Raw data
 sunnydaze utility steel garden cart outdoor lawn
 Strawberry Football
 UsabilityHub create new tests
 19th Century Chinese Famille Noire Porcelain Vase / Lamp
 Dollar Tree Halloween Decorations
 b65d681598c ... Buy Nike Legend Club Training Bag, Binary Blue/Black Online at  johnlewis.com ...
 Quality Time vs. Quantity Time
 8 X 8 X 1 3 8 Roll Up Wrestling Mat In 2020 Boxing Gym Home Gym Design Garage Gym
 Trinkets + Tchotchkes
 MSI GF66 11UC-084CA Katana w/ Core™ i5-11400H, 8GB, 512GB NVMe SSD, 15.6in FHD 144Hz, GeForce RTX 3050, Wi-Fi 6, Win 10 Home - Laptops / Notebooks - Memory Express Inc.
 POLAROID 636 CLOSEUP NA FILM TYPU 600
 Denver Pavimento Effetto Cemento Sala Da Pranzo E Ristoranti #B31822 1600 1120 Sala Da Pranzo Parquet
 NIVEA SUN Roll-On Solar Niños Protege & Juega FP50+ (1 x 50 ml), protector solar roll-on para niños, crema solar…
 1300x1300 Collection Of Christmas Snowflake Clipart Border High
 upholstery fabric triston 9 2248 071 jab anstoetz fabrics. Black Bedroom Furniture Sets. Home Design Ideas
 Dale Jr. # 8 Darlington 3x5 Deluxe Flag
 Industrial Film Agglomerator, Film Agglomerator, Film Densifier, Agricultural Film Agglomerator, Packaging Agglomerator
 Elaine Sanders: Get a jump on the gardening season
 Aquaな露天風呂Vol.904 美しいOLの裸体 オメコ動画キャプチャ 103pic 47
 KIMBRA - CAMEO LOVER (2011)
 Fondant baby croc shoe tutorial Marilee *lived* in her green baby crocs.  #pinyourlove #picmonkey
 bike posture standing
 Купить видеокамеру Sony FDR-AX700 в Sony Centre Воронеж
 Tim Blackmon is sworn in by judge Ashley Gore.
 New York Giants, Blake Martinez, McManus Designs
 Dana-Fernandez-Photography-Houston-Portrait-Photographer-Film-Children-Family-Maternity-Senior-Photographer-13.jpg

Exercise objective
The response should hold exactly the lines starting at the line with "UsabilityHub create new tests" and ending at the line with "Dale Jr. # 8 Darlington 3x5 Deluxe Flag", and no other line of the material above.

Result of this task
 UsabilityHub create new tests
 19th Century Chinese Famille Noire Porcelain Vase / Lamp
 Dollar Tree Halloween Decorations
 b65d681598c ... Buy Nike Legend Club Training Bag, Binary Blue/Black Online at  johnlewis.com ...
 Quality Time vs. Quantity Time
 8 X 8 X 1 3 8 Roll Up Wrestling Mat In 2020 Boxing Gym Home Gym Design Garage Gym
 Trinkets + Tchotchkes
 MSI GF66 11UC-084CA Katana w/ Core™ i5-11400H, 8GB, 512GB NVMe SSD, 15.6in FHD 144Hz, GeForce RTX 3050, Wi-Fi 6, Win 10 Home - Laptops / Notebooks - Memory Express Inc.
 POLAROID 636 CLOSEUP NA FILM TYPU 600
 Denver Pavimento Effetto Cemento Sala Da Pranzo E Ristoranti #B31822 1600 1120 Sala Da Pranzo Parquet
 NIVEA SUN Roll-On Solar Niños Protege & Juega FP50+ (1 x 50 ml), protector solar roll-on para niños, crema solar…
 1300x1300 Collection Of Christmas Snowflake Clipart Border High
 upholstery fabric triston 9 2248 071 jab anstoetz fabrics. Black Bedroom Furniture Sets. Home Design Ideas
 Dale Jr. # 8 Darlington 3x5 Deluxe Flag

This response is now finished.